10/20/2006

TIQUES


As pessoas andam no supermercado como se estivessem no Prado, ou no Louvre. Páram, olham, põem um ar inteligente e dão uns passos atrás, para melhor poderem admirar a matéria exposta.
Andam também no supermercado como se tivessem o poder de dominar a matéria com a mente. Ficam no meio do corredor a olhar fixamente uma embalagem de rolos de papel higiénico até ela levitar, sem se desviarem um centímetro sequer, mesmo que haja vários clientes inocentes a querer passar.
As pessoas também andam no supermercado como se estivessem numa festa. As famílias encontram outras famílias, completas com filhos, pais, mães e até avós e sogros, e não saem dali enquanto cada um deles não troca beijinhos com os outros todos, à vez, numa espécie de dança em que cada um vai rodando para dar lugar ao seguinte, e perguntam como estão e deixam de estar sem no entanto esperarem qualquer resposta. Às vezes falam também de futebol ou da vida privada de um ou outro conhecido que não se encontra presente.
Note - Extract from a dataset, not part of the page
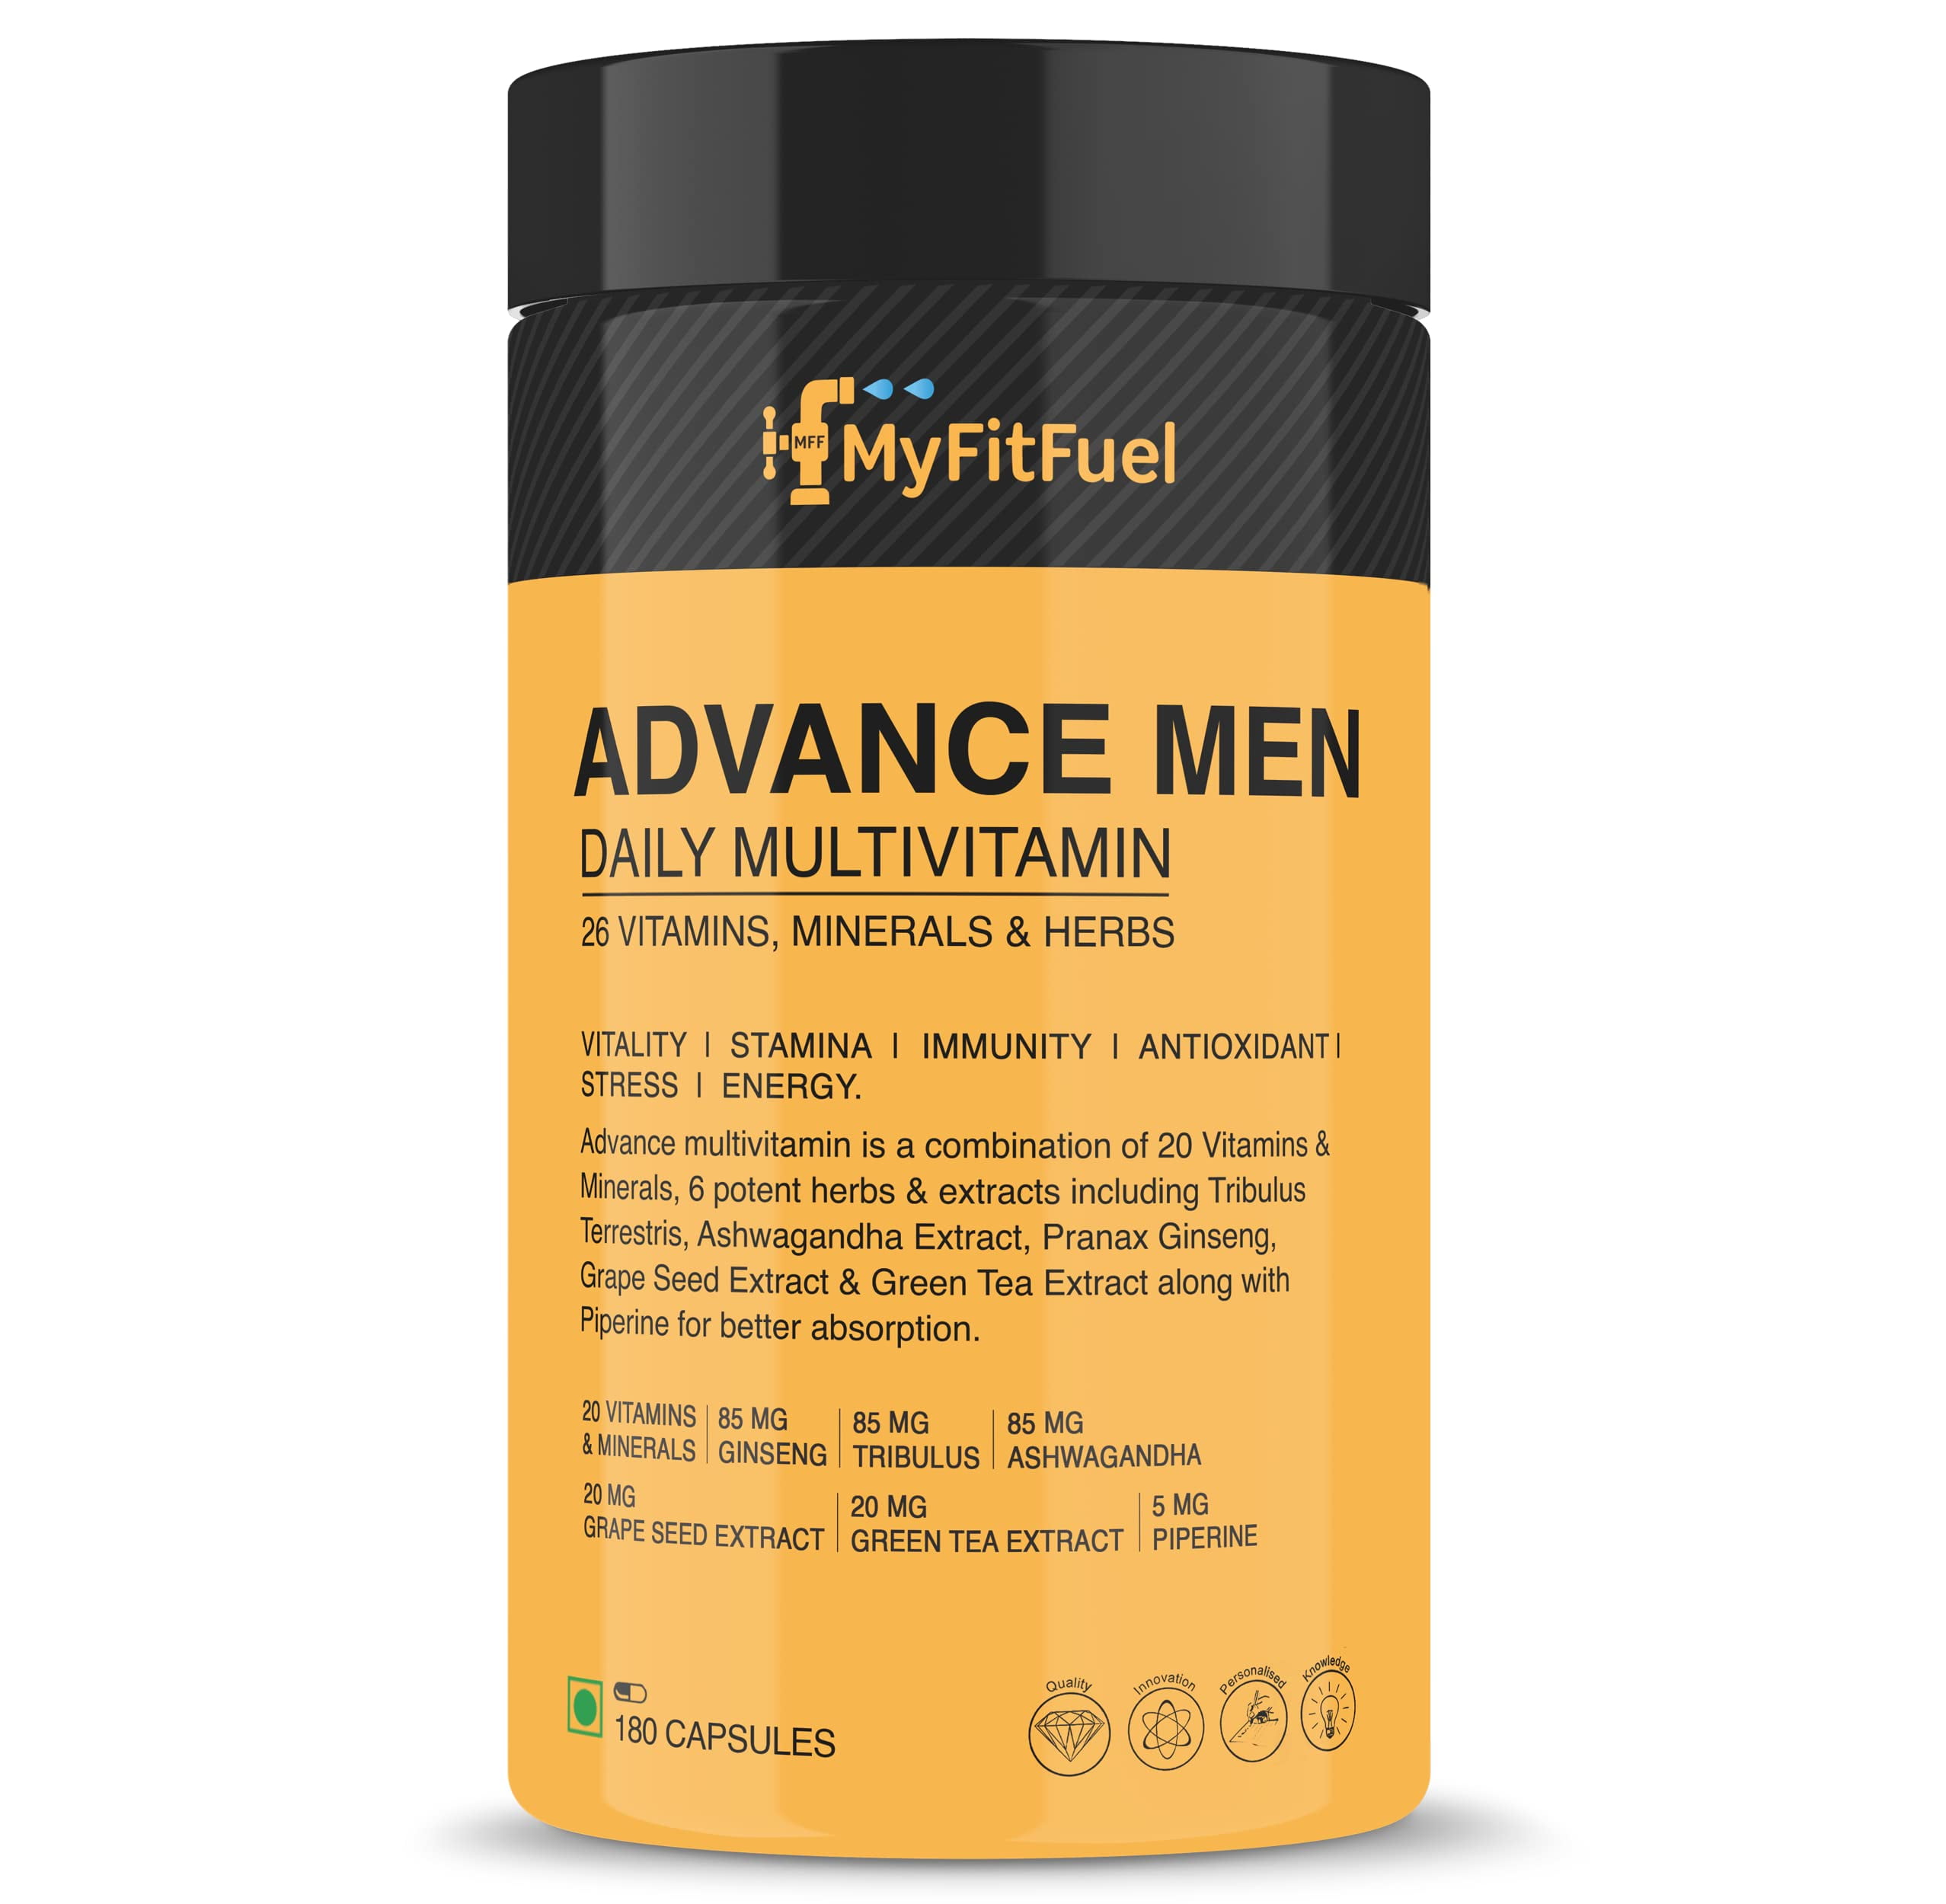 Myfitfuel Men Advance Daily Multivitamin (26 Vitamins, Minerals

Se juntarmos a isso o facto de quase todos trazerem carrinhos de compras e os corredores serem mais estreitos do que os dos museus, bem como o facto de nós, muitas vezes, estarmos cheios de pressa para sair dali, descobrimos o que é que faz dos supermercados o pior sítio para passar um bocado a seguir a hospitais e consultórios de dentistas.

1 comentário:

Anónimo disse...

Eu acho que há um fenómeno psicológico qualquer, que faz com que as pessoas se anestesiem na presença dessa oferta excessiva que inunda os sentidos. Ainda por cima com aquela música ambiente estudada. É uma forma dopante de ultrapassar algumas frustrações, certamente. Alí o povo mergulha de cabeça. Mas, o sítio mas engraçado, é o local onde estão as revistas "cor de rosa". Aí sim é vê-los a consumir avidamente a dose do momento, até porque é gratuito!